“Did you finish your piano lesson?” called Mom, as I dashed through the kitchen.
“Yeah, even the scales.”
My reply was cut short by the whack of the screen door behind me; I headed through the back yard to join Daddy in the garden.
The sun-warmed dirt felt bumpy under my bare feet as I reached my small hand into my father’s dry, calloused palm. Raspy edges of corn stalks made thin white scratches on my arms as we walked through the rustling green forest that reached far above my head. It was my favorite part of the day, when Daddy came home and I could join him in the garden. I loved the smell of the earth and of growing things. The prickly odor of tomato plants and the sharp scent of corn concentrated by the hot afternoon sun were a vital part of my special connection with one of the most important people in my world.
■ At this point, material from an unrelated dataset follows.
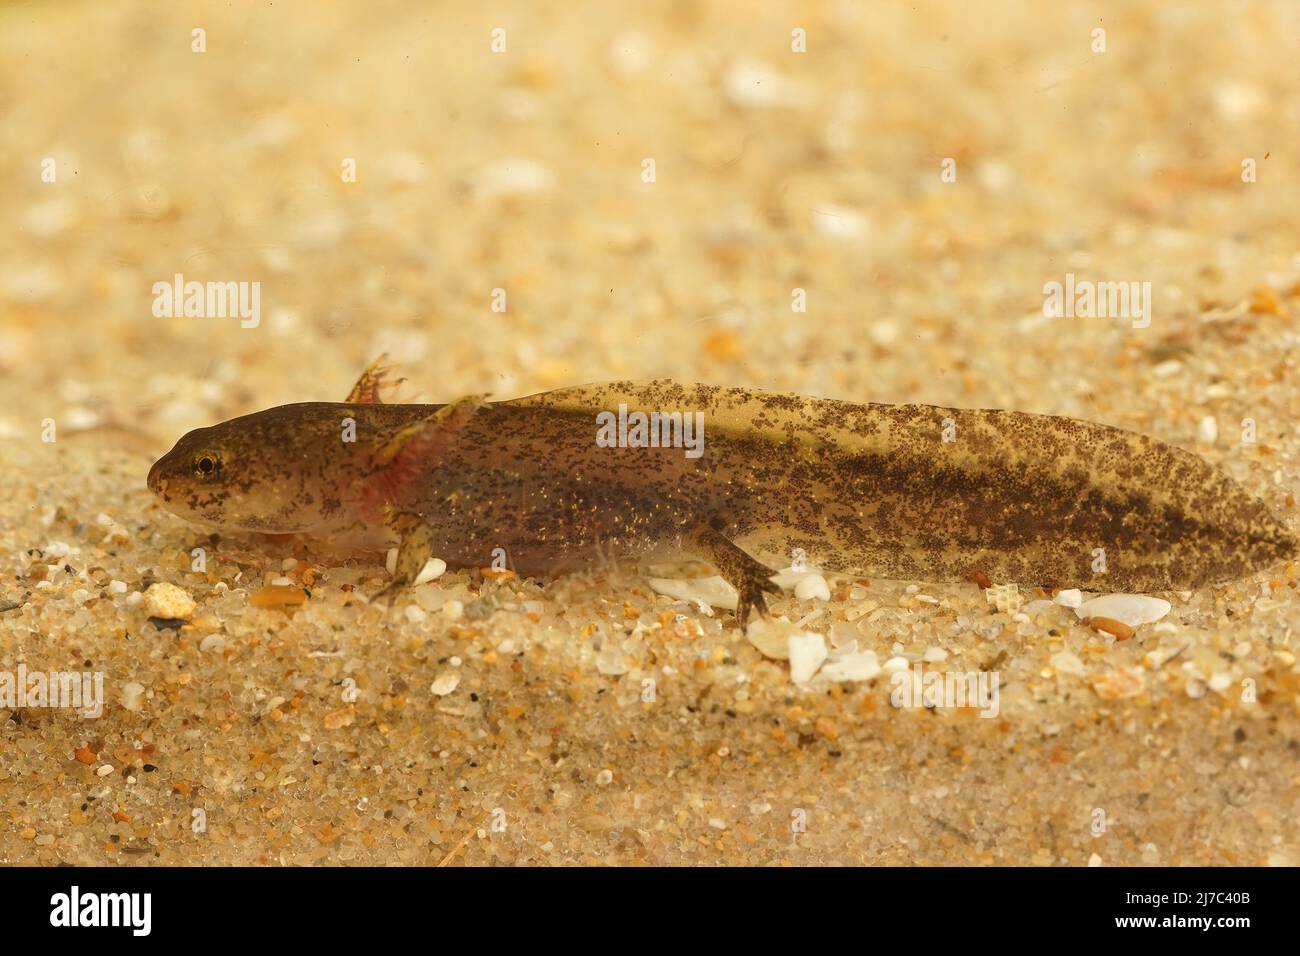 Closeup on the larvae of the Cheju salamander, Hynobius quelpaertensis underwater Stock Photo

With a growing family to feed, a large garden was a necessity in the lean post-war years. My father was a local brick truck driver, and the garden provided not only nourishment for our family, but also a pleasant diversion after his day of driving and hard physical labor unloading bricks from the bed of his truck. I was his shadow, the youngest child, always welcome to tag along. Daddy had a serious hearing loss, so there wasn’t much conversation between us. But there was no need for unnecessary talk; the strands of love for the garden and for each other bound us securely.
Mother was an inside person, a piano teacher by vocation, burdened with the responsibilities of caring for eight children. She gave us a love of music and books, but Daddy loved the sun and the earth and the outdoors.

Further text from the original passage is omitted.